それは、鬼の勇儀ですら見通しきれないほどの最強の一部。妖とも神ともつかない圧倒に向かったことで、思わず本能的に退こうとする勇儀を、幽香は声をかけて引き止めた。

「さあ、私は逃げも隠れもしない。鬼の剛力の全て、ぶつけて来なさい。私が優しく合わせて受け止めてあげるから」
「……ははっ、言ったね! 本気で行くよ! こうまで近けりゃ三歩も要らない。コレが私の一撃必殺だ!」

真っ当にぶつかっても、弾かれるのが落ちだろう。そう考える勇儀は、足りない力を必死でかき集めた。
勇儀の筋は支える骨を痛めるほど力んで隆起し、溢れる妖気の全ては大きな拳に集っていく。力みは一瞬で溜まりに溜まって、彼女の身体を一回り大きく見せた。
そして、その全身が捻られて遠心力を加えながら、風を引き裂く音とともに、破城槌のように突端を幽香にぶつけようと動く。
踏み込んだ足の地面は消し飛んだ。巻き込まれた周囲の空気も大いに騒いで暴れる。きっと、間近の建物は余波で跡形も残るまい。
真に全身全霊の、一撃。

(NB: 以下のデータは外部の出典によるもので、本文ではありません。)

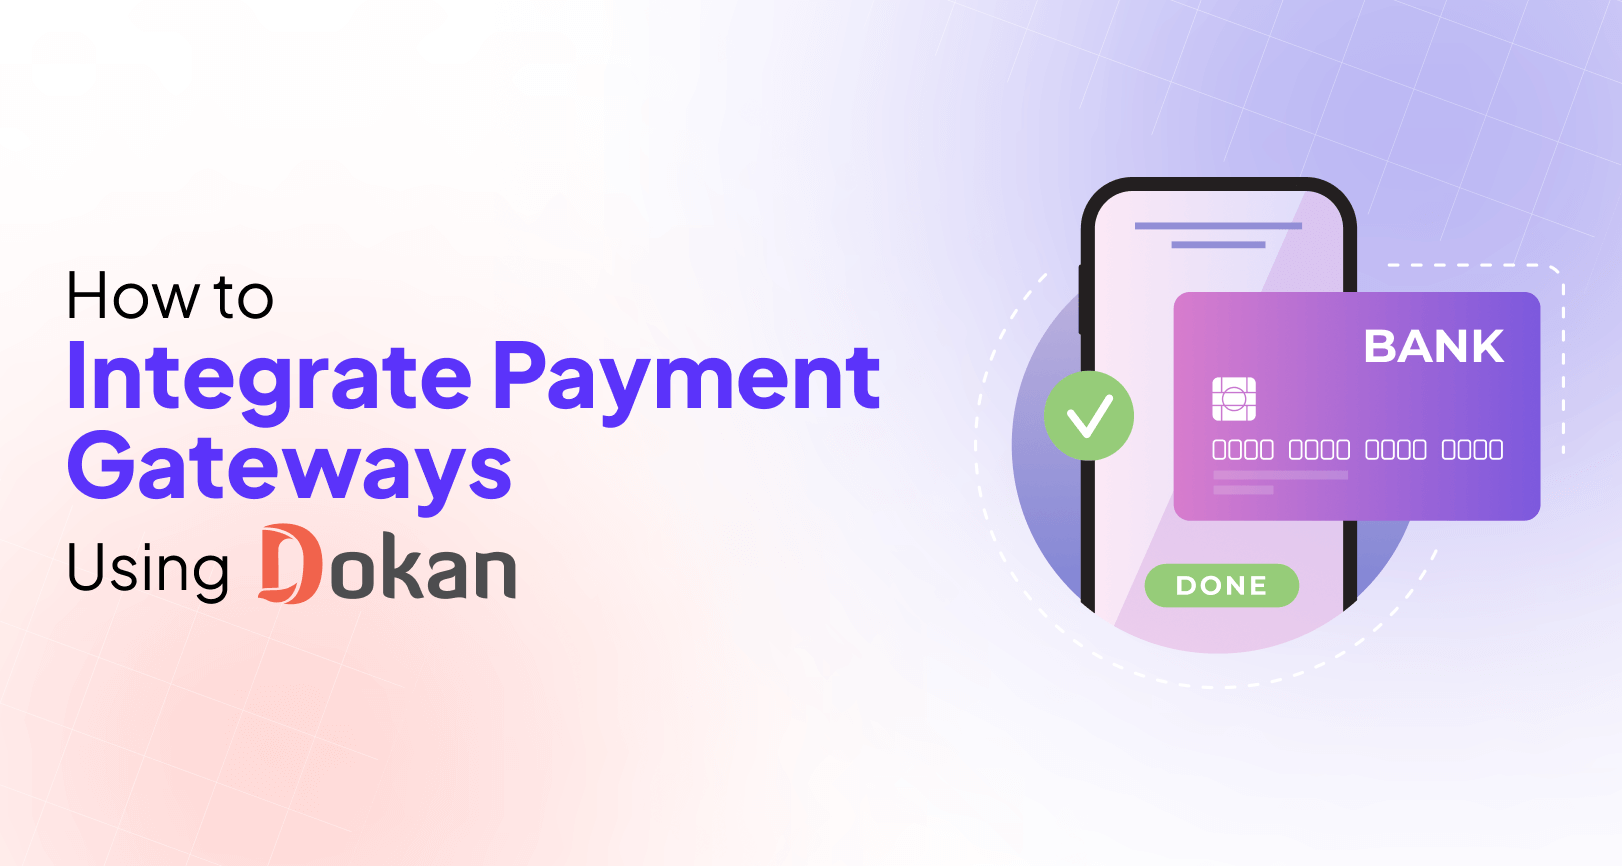 How to Integrate Payment Gateways Using Dokan

それは、幽香の最強の一端に吸い込まれるように向かっていき、そうして轟音を立てた。

「まさか、打ち合うことすら、させてもらえないとはねぇ……」
「優しくするって、言ったでしょう?」

だが、果たして対した拳同士はぶつかり合わず、優しく勇儀の拳は幽香の開かれた手のひらに包まれ、収まっていた。
破壊をもたらすはずであった激しい力は、もっと大きな力に全体受け止められて、欠片も見つからない。
勇儀の全力が振るわれた名残は、廃墟となった、辺りの建物ばかり。暴力の先端を向けられた、幽香は受け止めきって、優雅に笑っている。

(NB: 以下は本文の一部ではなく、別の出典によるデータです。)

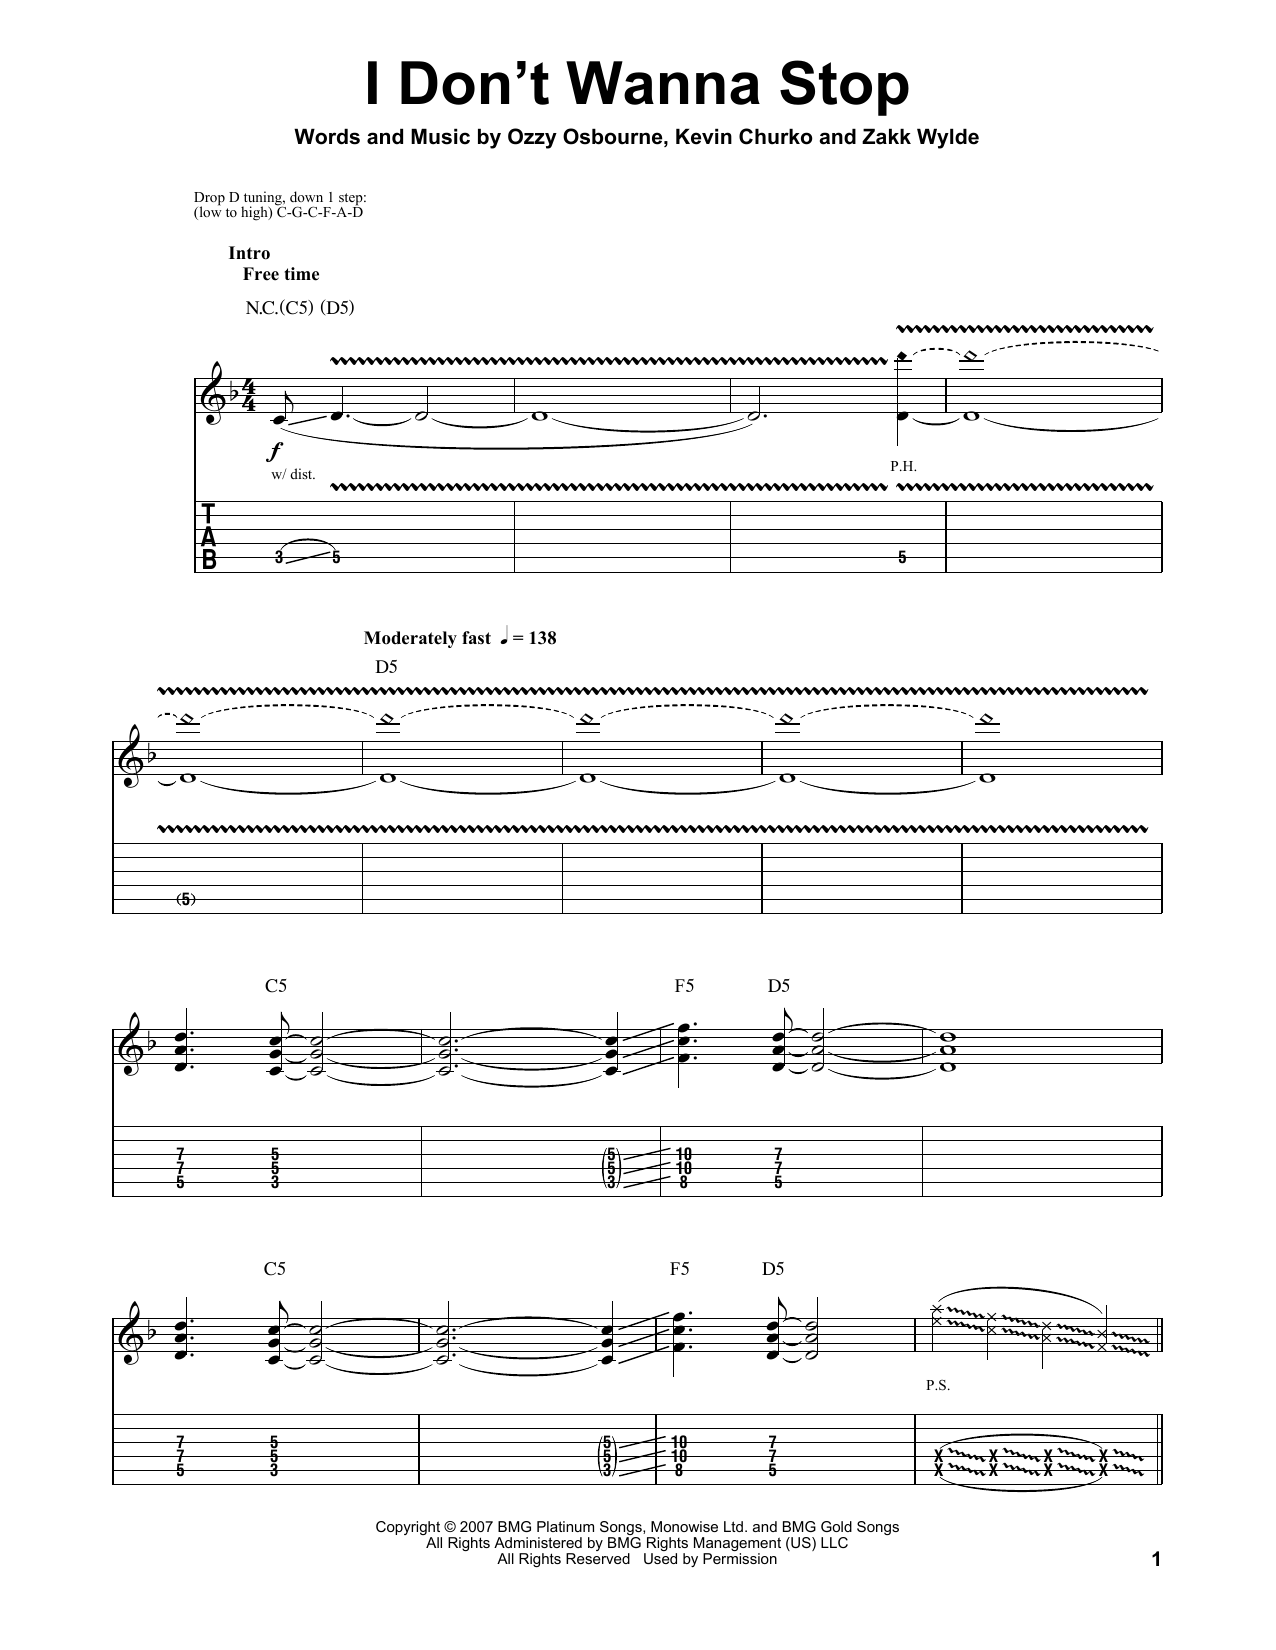 Download Ozzy Osbourne I Don't Wanna Stop Sheet Music

「はは。敵わない。負けだよ負け。いやあ、こうまで完全に負けると、気持ちがいいね」
「それは、良かったわ」

喜々として、余力を残したまま敗北を受け入れる勇儀を幽香は面白いものとして受け止める。何しろ、全力を駆使して届かないことに絶望し、這いつくばって項垂れる、そんな相手の姿ばかりを見てきた彼女であるから。
勇儀の満足の笑みを認め、記憶する。これも優しくしたことで見つけられた。これは当分止められないなと、幽香は思う。
そして、僅かに残った、勇儀の疑念の視線をも受け止めて、幽香は微笑む。その笑顔を見た勇儀は、酷く胡散臭いものだと思った。

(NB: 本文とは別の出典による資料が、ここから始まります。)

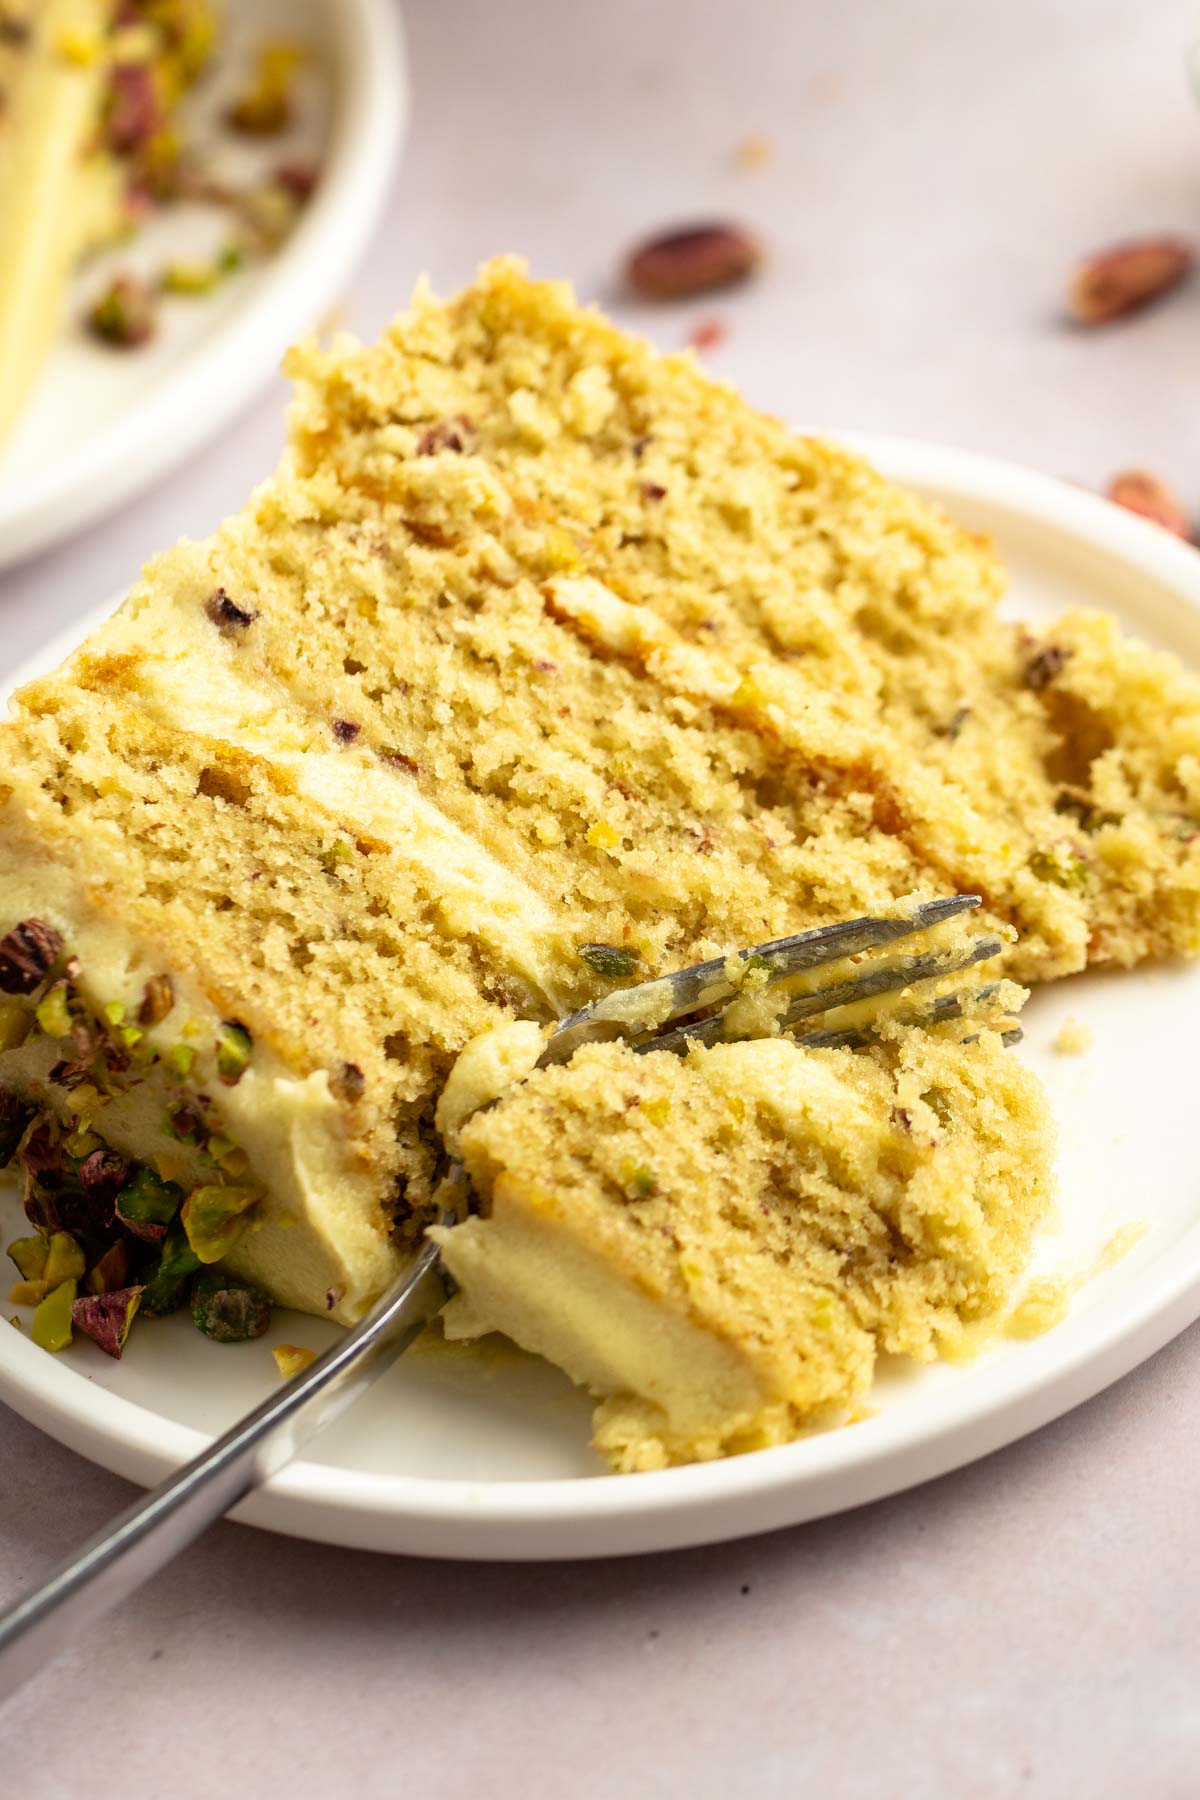 Slice of pistachio cake with a fork inserted into the slice.

「しかし、昔からすると、信じられないくらい優しいね。最強の力は一緒であれども、本当にあんたは風見幽香なのかい?」
「私は、私よ」

誰が変化に介入した訳でもない。変わらず幽香を動かすのは幽香自身である。
そんな事実を淡々と告げ、そして勇儀の反応を見ないままにその場を去り、幽香は地底を後にした。